Thu Dec 18 17:42:27 CST 2008

2008/12/18 Andre Merzky <andre at merzky.net>:
> Quoting [Steve Fisher] (Dec 18 2008):
>>
>> > In the attached version, I tried to address the things we
>> > agreed upon, and changed the service types/names table as
>> > proposed.  Could you give it another pass, please?
>> > I left the Constructors untouched for now, until we agreed
>> > on something, ok?
>> >
>> > Also, there is a question from me at the bottom of page 5:
>> >
>> >  "Note: Why not TimeOut, AuthorizationFailed, etc??"
>>
>> For the discoverer constructor, I guess the Authentication exception
>> can be thrown if you don't pass in a session or if you pass in what
>> used to be a valid session that has since expired. How would you class
>> that one?
>
> A session cannot expire - its lifetime is defined by the
> lifetime of the objects which use that session.  If a
> context (or credential) attached to that session expired,
> you can expect to see a lot of AuthenticationFailed
> exceptions, whenever that credential is being used.

Sorry that is what I meant. The session has not expired but it is
inoperable because credentials have expired

>> Unfortunately quite a lot of the allocation of exceptions is
>> implementation dependent. It would be better to be able to just throw
>> a Security exception - but that is not an option as it is not in the
>> core spec. If you need to get authenticated this could result in a
>> timeout if contact with some remote server is required.
>
> Well, than that is a TimeOut exception :-))  In general, it
> is of course difficult to map backend exceptions to SAGA
> exceptions in a meaningful way, but that cannot be avoided
> really, if the end user is to stay away from middleware
> exceptions.
>
>
>> In our current implementation, list-services does most of the work and
>> so can throw timeouts and could throw security errors except that we
>> happen to connect to a non-secured information service. However the
>> subsequent calls (such as get_data) can throw the same exceptions as
>> they could choose to go back to the information service to pick up
>> information that was not originally needed when making the selection.
>> If we don't allow the possibility to throw these exceptions the
>> implementation is needlessly restricted. This is why I like the
>> NoSuccess everywhere. In other words I would use NoSuccess for those
>> conditions which are implementation dependent - which in this case is
>> quite a lot.
>
> Good point, so NoSuccess may make sense in all calls.  I
> expected all implementations to simply fetch complete
> service descriptions, not only parts, but that may have been
> to limiting.
>
> But, is that really the way you expect implementations to
> work: to fetch some part of the service description, but,
> e.g., the name and URL just later on, on the get_attribute
> calls?  That adds an awful latency overhead, which easily
> kills any bandwidth savings, as long as you stay below x.000
> returned service descriptions - which is the dominating use
> case I dare to say.

Which approach is optimal depends upon the information system.
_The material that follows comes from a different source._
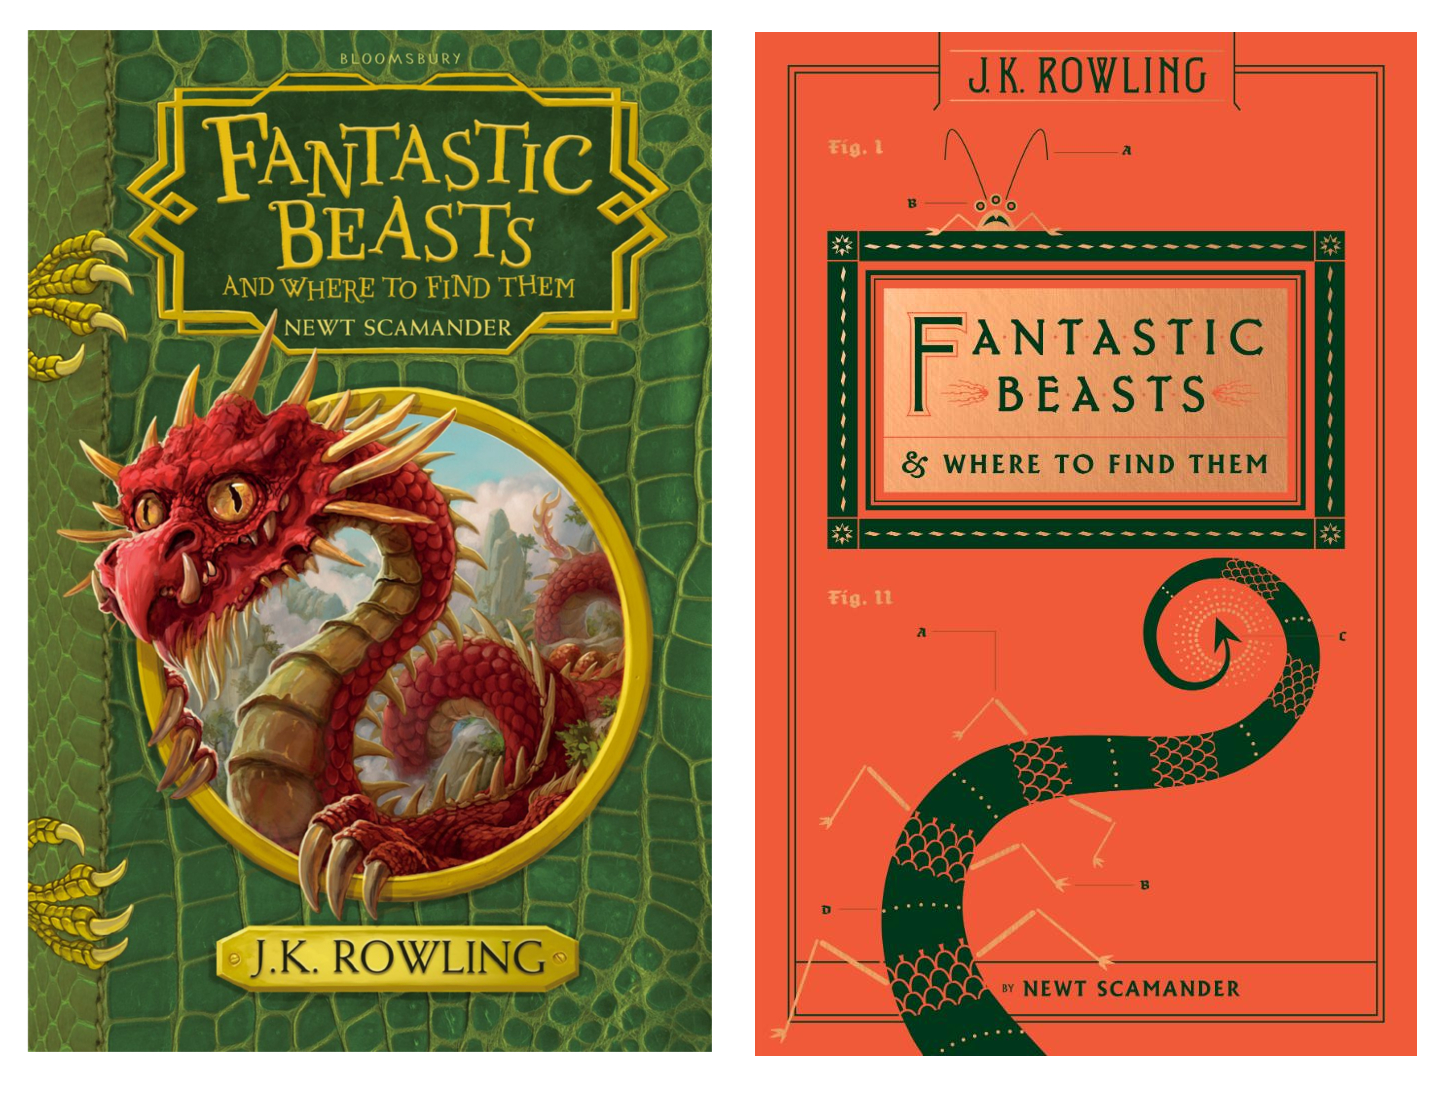 Nowe Wydania Fantastycznych Zwierzat A Wraz Z Nimi 6 Nowych Stworzen Do Kolekcji Newta Co Przeczytac

However
there are advantages in making sure that list_services gets everything
loaded into memory because as you have pointed out it makes sure that
the subsequent get methods cannot fail.

> Requiring the implementation to fetch complete desciptions
> is a certain limitation, sure, but allows more tightly
> defined semantics for the application and end user...
>
> So, that is up to you (I do not know the implementations),
> but please consider the argument.

Yes I agree it would be best to get all the service info in one go.
Then it either succeeds or fails

>> For example you have added DoesNotExist for the
>> constructor - implying that the API would contact the underyling
>> information service. However there is no reason why it should do so at
>> this stage.
>
> We have the same problem with the RPC package - there the
> Constructor has the following note:
>
>  - according to the GridRPC specification, the constructor
>    may or may not contact the RPC server; absence of an
>    exception does not imply that following RPC calls will
>    succeed, or that a remote function handle is in fact
>    available.
>
> and the call() method has the following one:
>
>  - according to the GridRPC specification, the RPC server
>    might not be contacted before invoking call(). For this
>    reason, all notes to the object constructor apply to the
>    call() method as well.
>
> Also, call() has all exceptions of the Constructor, to allow
> for delayed throws.
>
> These notes are, as noted, a result of an underspecification
> of the GridRPC standard.  I would really like to avoid to
> sprinkle such notes all over the place, as it makes a tight
> semantic definition of the API rather impossible.
>
> I think, if you have no really hard constraints from an
> underlying standard (as we had with RPC), or from a
> absolutely dominating implementation, it is not too much to
> ask from an implementation to ensure in the Constructor if
> the given (or chosen) URL actually points to a service which
> is alive and usable - what do you think?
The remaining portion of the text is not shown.